The contribution to the field lies in repositioning Religious-Based Organizations as analytically central to the study of International Relations, peacebuilding, and regional governance in Southeast Asia. Rather than treating them as marginal moral auxiliaries or as secondary forms of civil society, the discussion has framed them as actors whose authority is rooted in socially recognized legitimacy and whose influence can shape both local peace processes and wider regional governance dynamics. The integration of Constructivism, Liberalism, and the concept of sacred capital provides a more precise framework for explaining how faith-based organizations mobilize trust, participate in norm formation, and engage governance structures without losing their distinct non-state character.

This perspective also broadens regional studies by showing that ASEAN-related governance cannot be understood solely through state-centric models, especially in areas where public legitimacy, intercommunal relations, and conflict transformation depend on actors embedded in everyday social life. The conceptual value of the discussion lies in clarifying how moral authority becomes political capacity within a post-secular regional environment. Its regional value lies in demonstrating that peace and governance in Southeast Asia are increasingly shaped by interactions among states, institutions, and faith-based intermediaries. Such an approach opens a stronger analytical foundation for examining religion as a constitutive force in contemporary regional order.
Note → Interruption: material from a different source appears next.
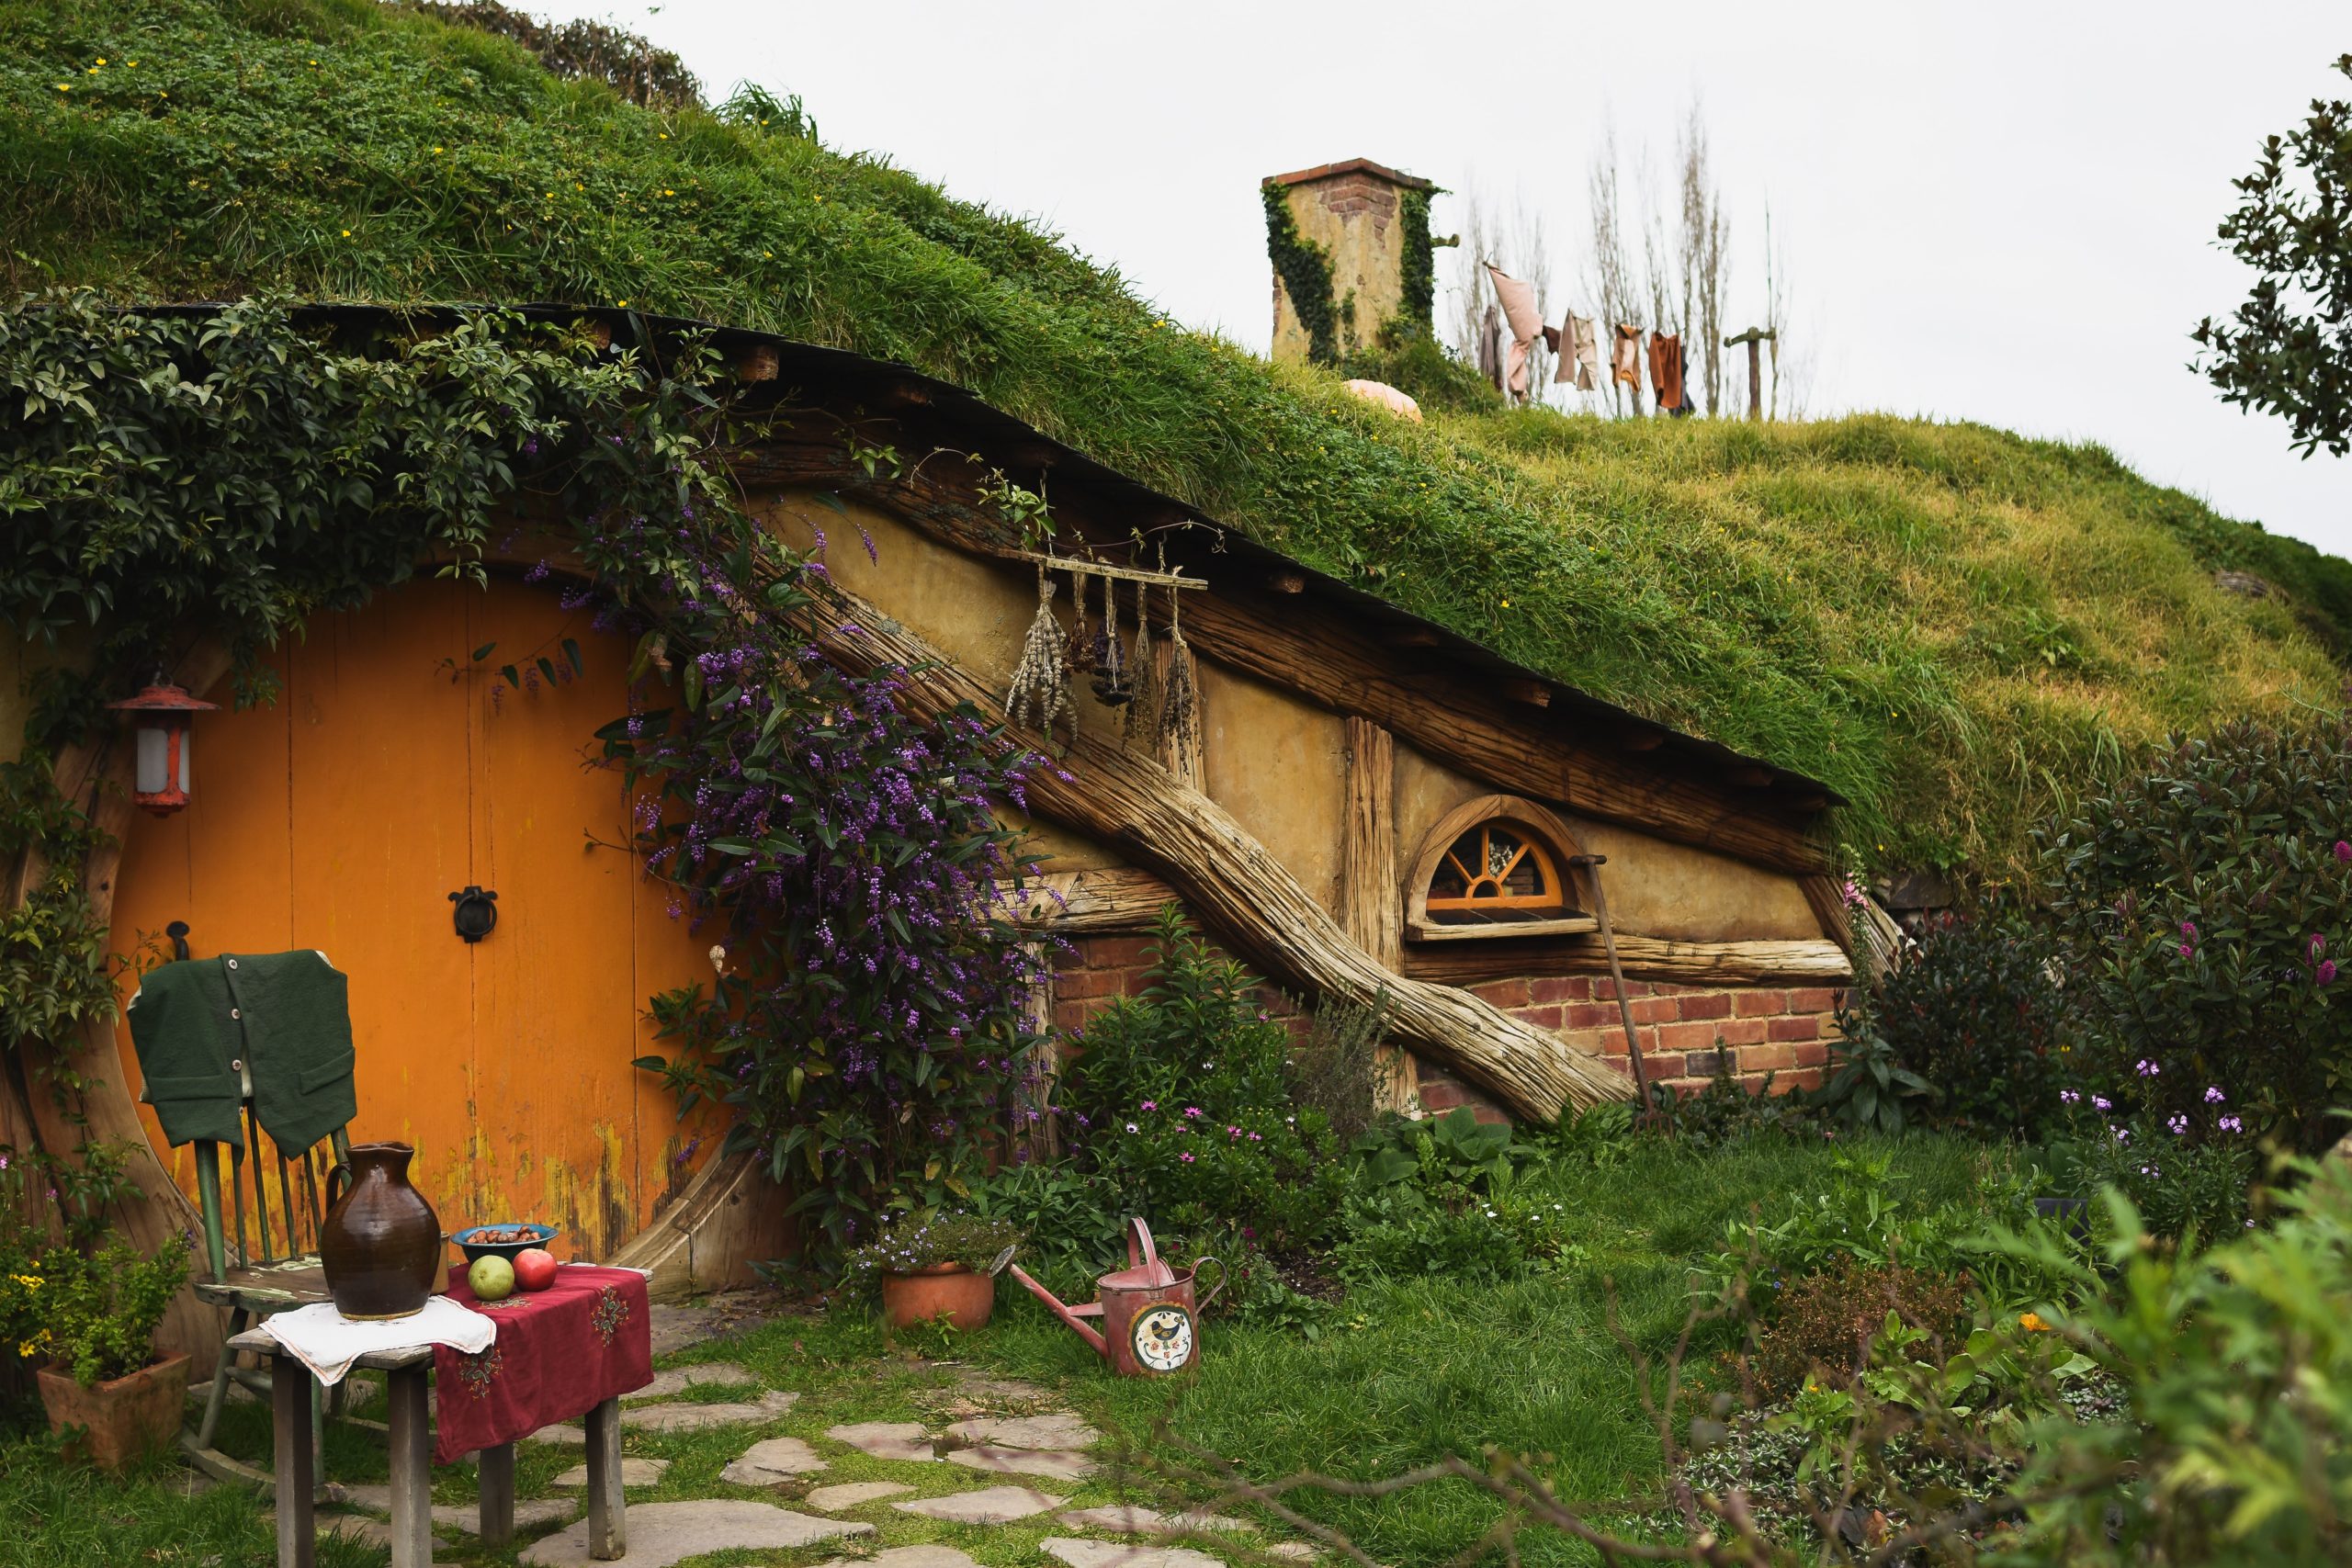 The set of the Shire from Lord of the Rings

Future research should expand beyond broad regional comparison toward more detailed examination of specific organizational networks, issue areas, and country settings across Southeast Asia. Closer study of cross-border humanitarian initiatives, interfaith peace platforms, and locally rooted mediation practices would deepen understanding of how Religious-Based Organizations translate moral credibility into concrete governance roles. Greater attention is also needed to internal organizational dynamics, including leadership formation, gender inclusion, generational change, and the negotiation of political neutrality in polarized environments. Comparative work across different religious traditions would further clarify which dimensions of sacred capital are transferable across settings and which are shaped by specific doctrinal and institutional histories. Another important direction concerns the relationship between Religious-Based Organizations and regional institutions, particularly the ways ASEAN and related forums engage faith-based actors in practice rather than only in formal rhetoric. Research on digital communication and transnational advocacy would also be valuable, given the growing role of online networks in shaping public legitimacy and regional mobilization. Advancing these lines of inquiry will strengthen both scholarly understanding and policy relevance by clarifying how non-state religious actors participate in the evolving architecture of peace and governance in Southeast Asia.